50% BAM2 and 50% BCCA aggregates best fit the data

78% silicate and 22% organic composition matches observations

Model effectively reproduces negative polarization branch

Abstract

Recently, the result obtained from `Stardust' mission suggests that the overall ratio of compact to aggregate particles is 65:35 (or 13:7) for Comet 81P/Wild 2 (Burchell et al. 2008). In the present work, we propose a model which considers cometary dust as a mixture of compact and aggregate particles, with composition of silicate and organic. We consider compact particles as spheroidal particles and aggregates as BCCA and BAM2 aggregate with some size distribution. For modeling Comet 1P/ Halley, the power-law size distribution n(a)= a^{-2.6}, for both compact and aggregate particles is taken. We take a mixture of BAM2 and BCCA aggregates with a lower and upper cutoff size around 0.20$\mu m$ and 1$\mu m$. We also take a mixture of prolate, spherical and oblate compact particles with axial ratio (E) from 0.8 to 1.2 where a lower and upper cutoff size around 0.1$\mu m$ and 10$\mu m$ are taken.

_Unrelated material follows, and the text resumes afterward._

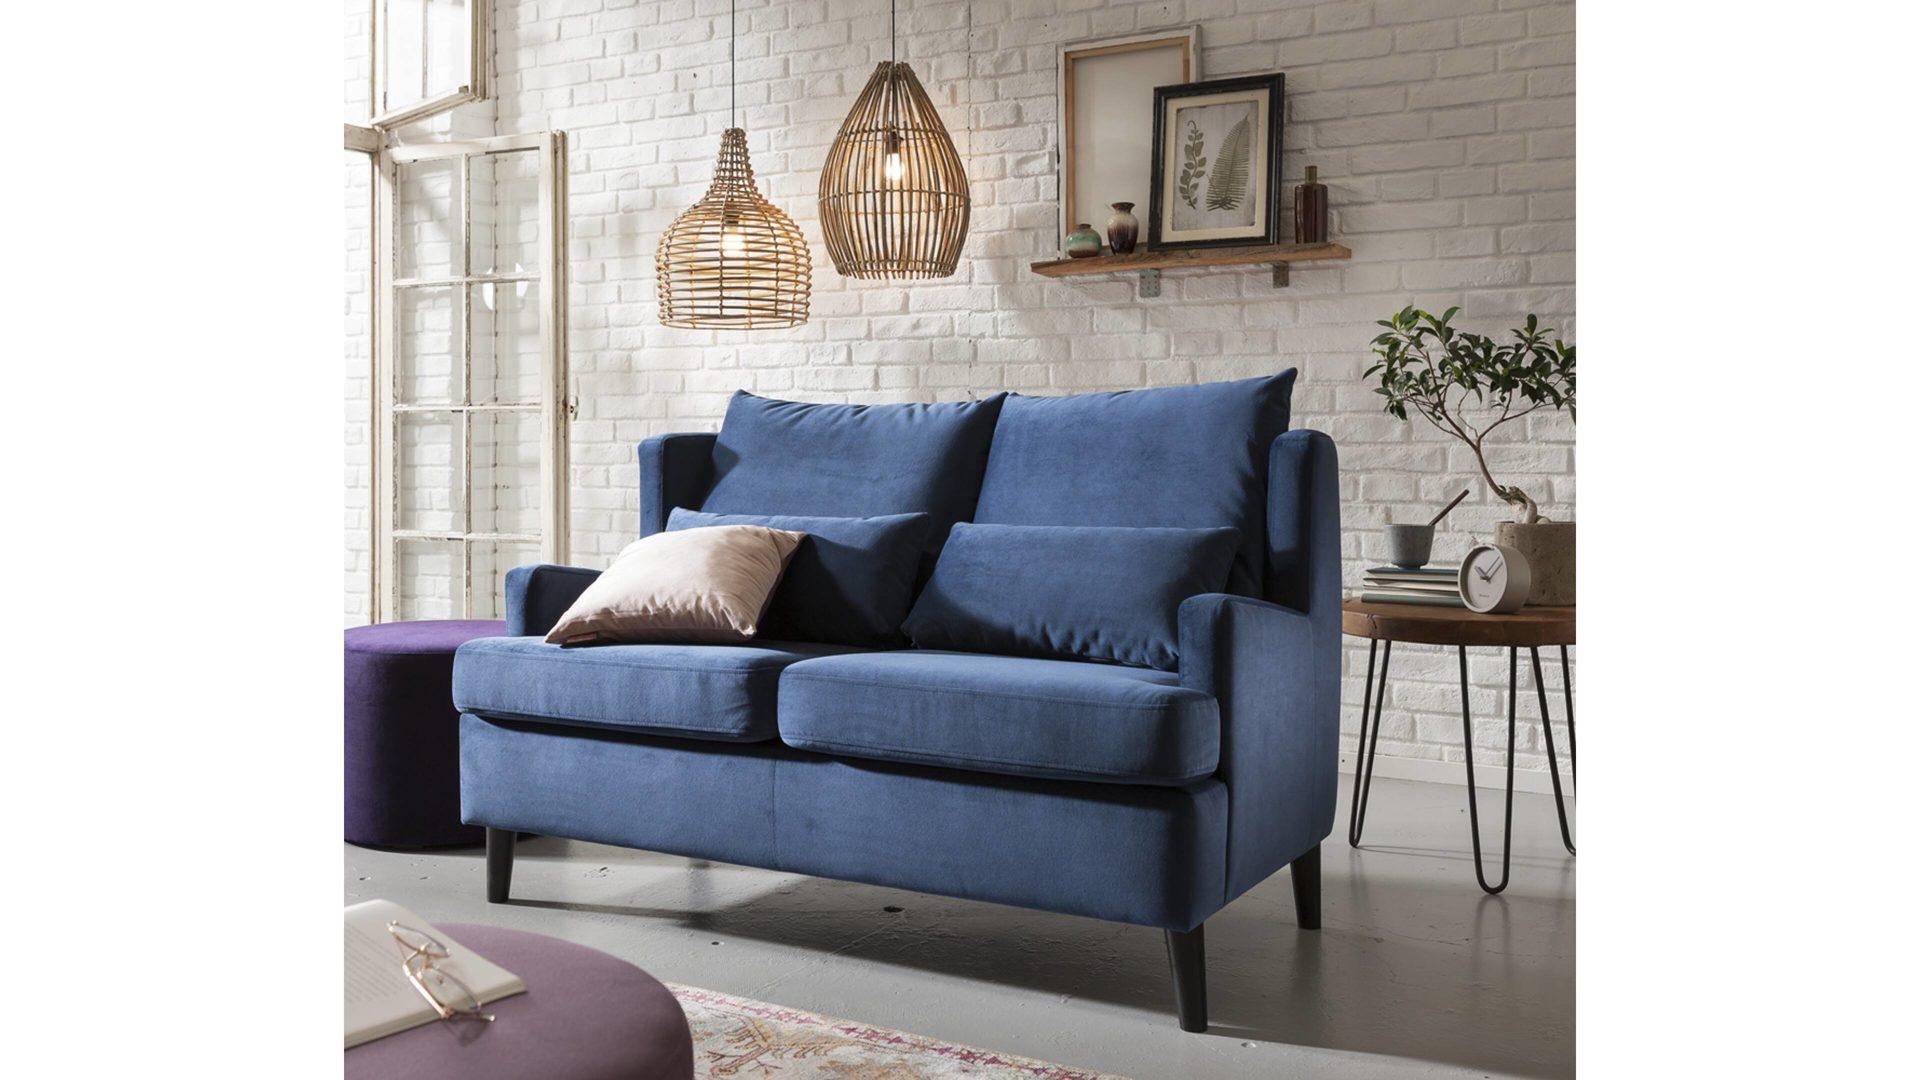 Kawoo Zweisitzer Sofa Carlton Polstermöbel Marineblauer Samtbezug

Using T-matrix code, the average simulated polarization curves are generated which can best fit the observed polarization data at the four wavelengths $\lambda$ = 0.365$\mu m$, 0.485$\mu m$, 0.670$\mu m$ and 0.684$\mu m$. The suitable mixing percentage of aggregates emerging out from the present modeling corresponds to 50% BAM2 and 50% BCCA particles and silicate to organic mixing percentage corresponds to 78% silicate and 22% organic in terms of volume. The present model successfully reproduces the observed polarization data, especially the negative branch, more effectively as compared to other work done in the past. It is found that among the aggregates, the BAM2 aggregate plays a major role, in deciding the cross-over angle and depth of negative polarization branch.